#### WHAT NEEDS TO BE DONE:
Please give back the listing exactly, without any of its pictures.
** DATA PROVIDED follows **
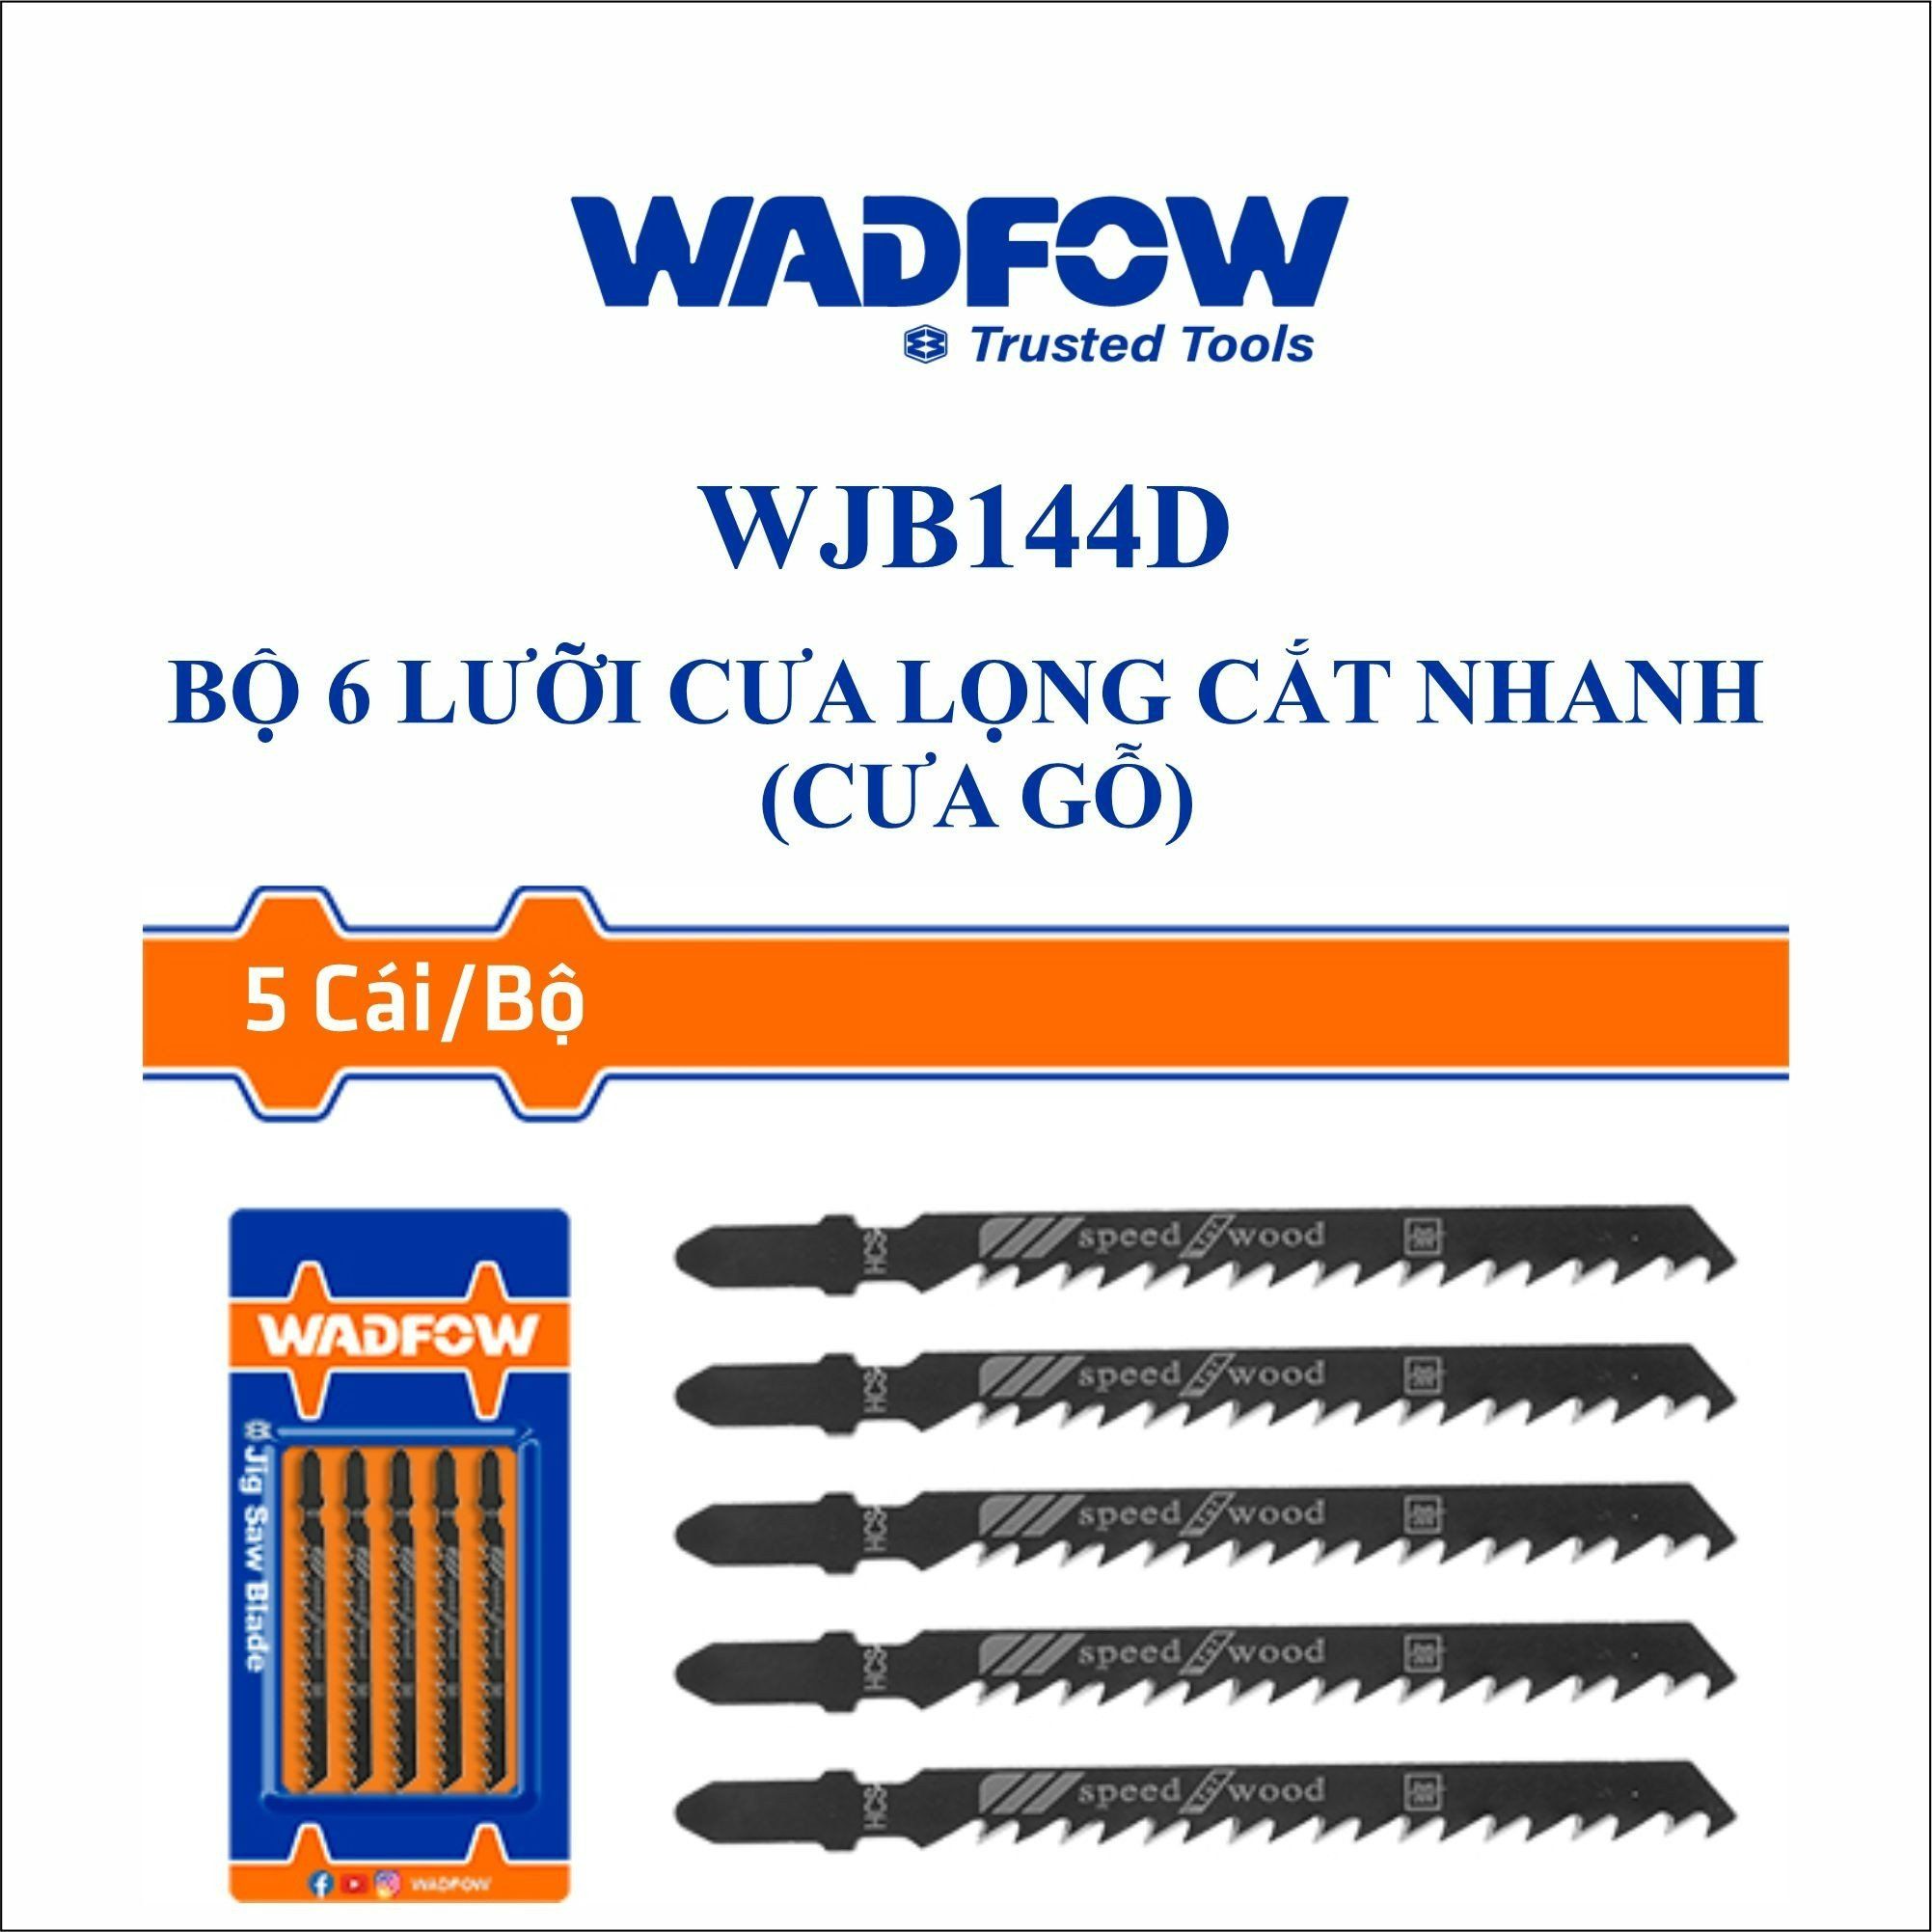  Bộ 5 lưỡi cưa lọng cắt nhanh (cưa gỗ) WADFOW WJB144D 
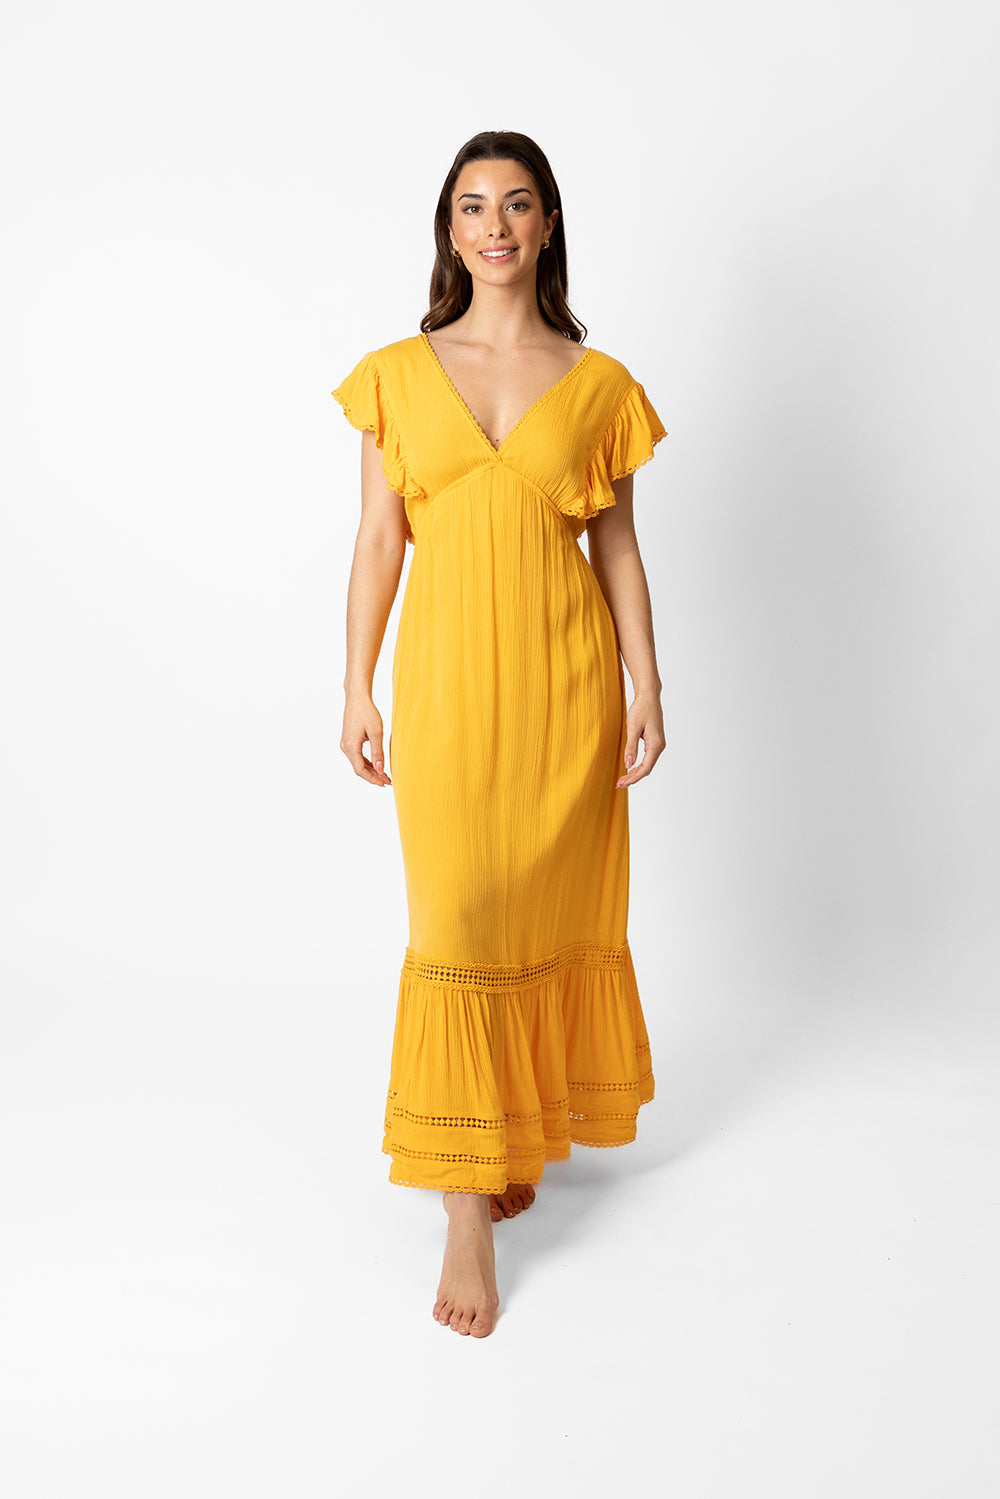 Miami Luxe Ruffle Sleeve Maxi Dress in mango yellow
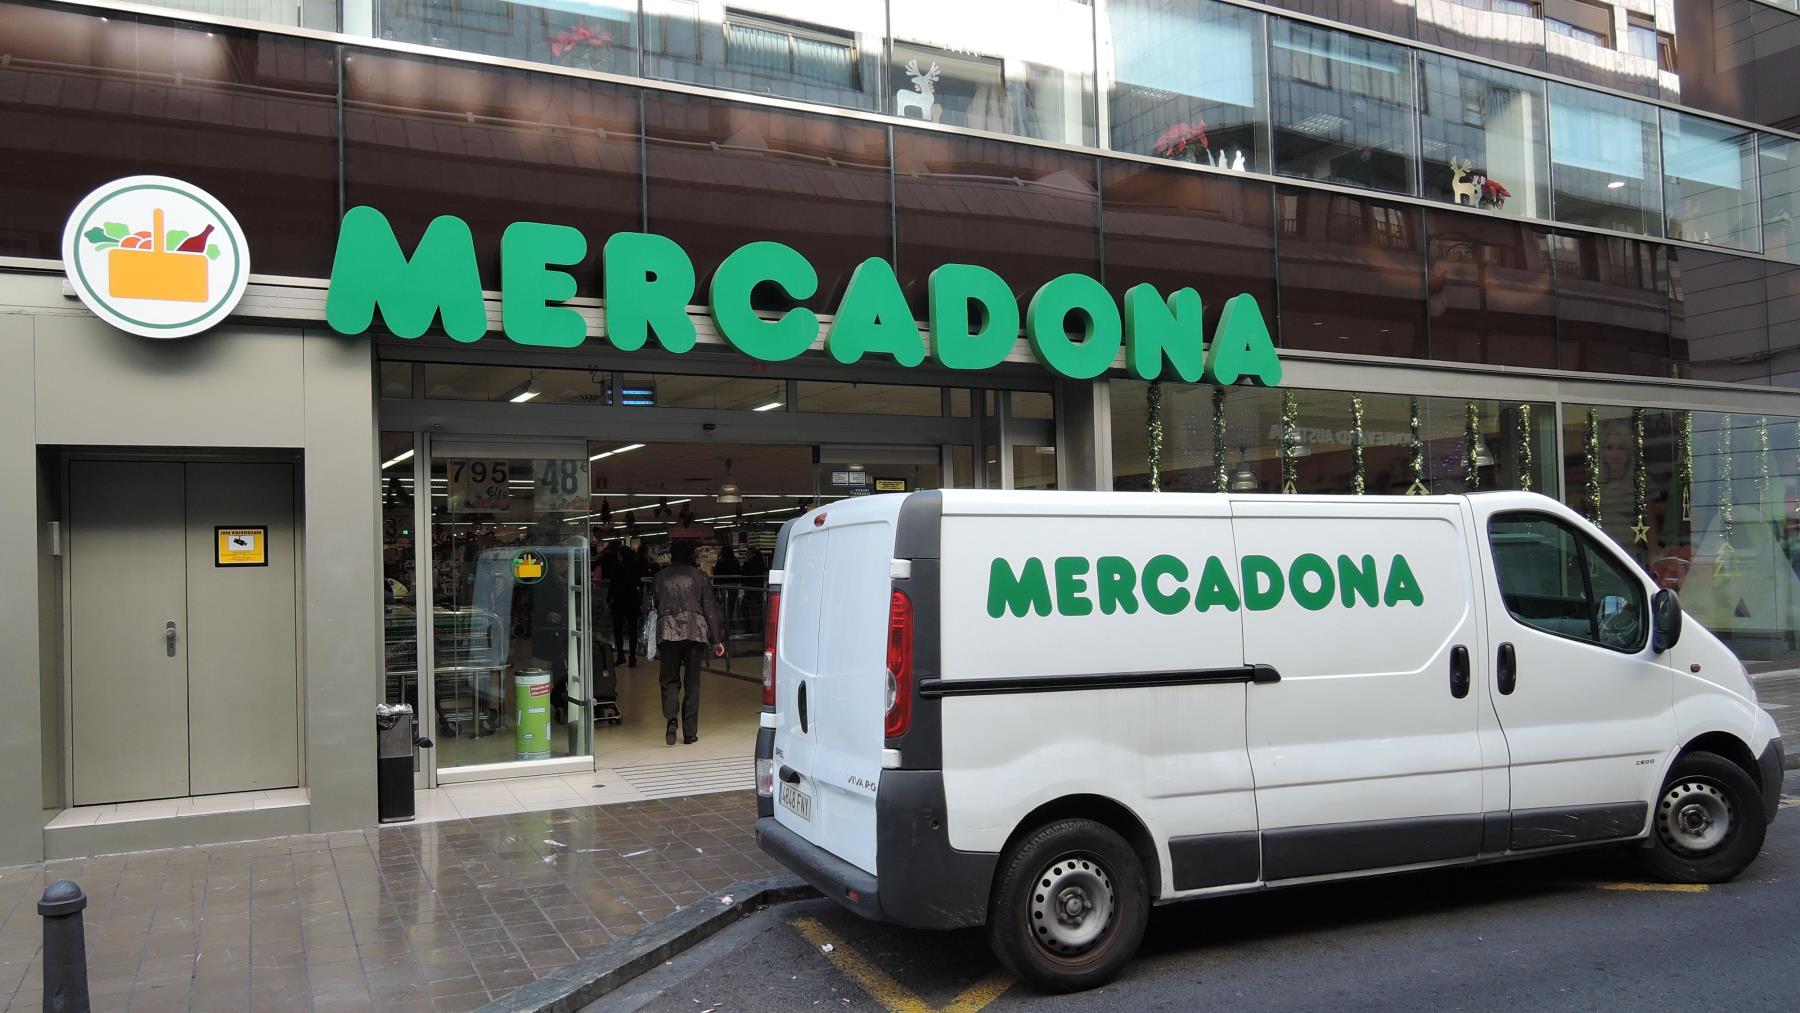 Top ventas en Mercadona este verano (y se fabrica en Murcia) - La
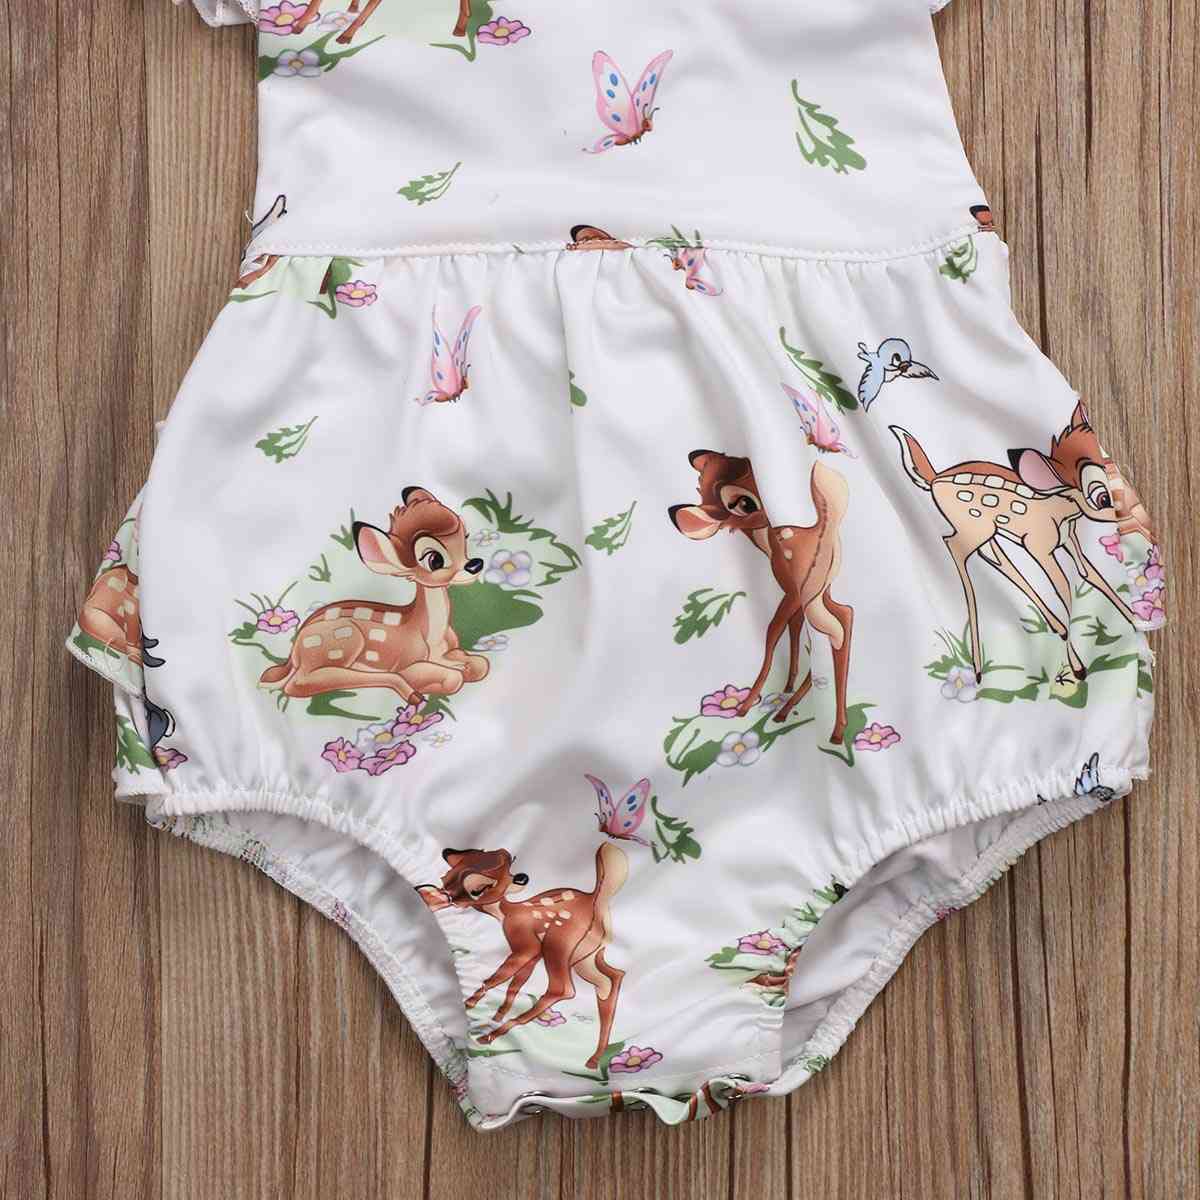 Mode nyfødt lille barn spædbarn baby piger hjorte flæser romper jumpsuit tøj tøj - 6m
** End of DATA PROVIDED **
#### TASK OUTPUT:
  Bộ 5 lưỡi cưa lọng cắt nhanh (cưa gỗ) WADFOW WJB144D 
 Miami Luxe Ruffle Sleeve Maxi Dress in mango yellow
 Top ventas en Mercadona este verano (y se fabrica en Murcia) - La
 Mode nyfødt lille barn spædbarn baby piger hjorte flæser romper jumpsuit tøj tøj - 6m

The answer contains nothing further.